Examples of the abrasive grains that can be used in the present invention include diamond, silicon nitride, boron nitride, CBN, silicon carbide, titanium carbide, aluminum oxide, iron oxide, zirconia, garnet, emery, and the like.

The sheet grindstone layer 6 composed of abrasive grains and a binder needs to have a diameter smaller than that of the plastic sheet 5, and by using such a shape, the edge of the sheet grindstone suddenly contacts and cuts the wafer surface. Can be prevented.

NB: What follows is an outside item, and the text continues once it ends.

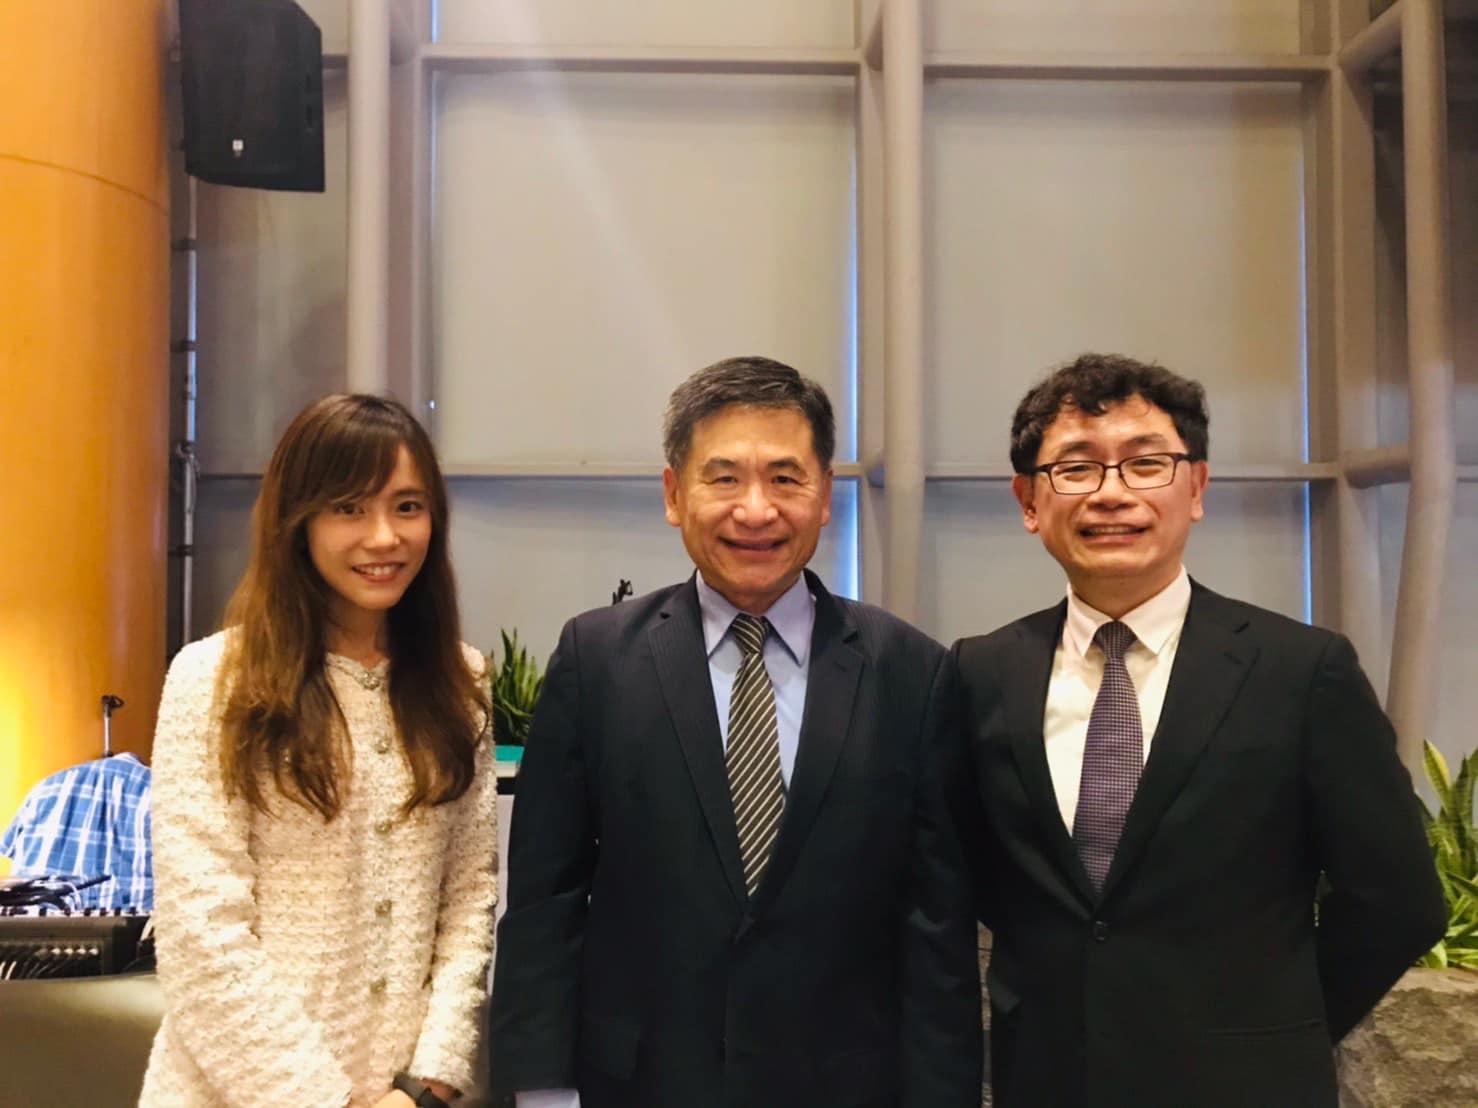 鄭晴院長受邀擔任中華民國基層醫學協會主辦之三高及憂鬱症研討會講者

  The sheet grindstone layer 6 may be provided as a layer on the lower surface of the plastic sheet 5 as shown in FIG. 1, but as shown in FIG. It is preferable to embed a sheet grindstone as a layer and to make the outer periphery of the plastic sheet and the thickness of the sheet grindstone embedment portion substantially equal. By making such a shape, the contact surface with respect to the wafer surface acts as a surface in which the plastic sheet and the sheet grindstone surface are continuous, and the risk that the edge of the grindstone contacts the wafer surface can be reduced.

  FIG. 2 shows an example of an overall view of the apparatus of the present invention. FIG. 2 is a schematic view showing an example of an overall view of the apparatus of the present invention. As shown in FIG. 2, the grinding apparatus according to the present invention fixes the wafer spindle 12, the grinding wheel 11, the multilayer grinding body, the biaxial stage 14 for moving the wheel spindle / grinding wheel, and the wafer. A wafer holder, a rotary table 15 for rotating the wafer holder, a drive motor for rotating the spindle and wear holder, and the like are provided.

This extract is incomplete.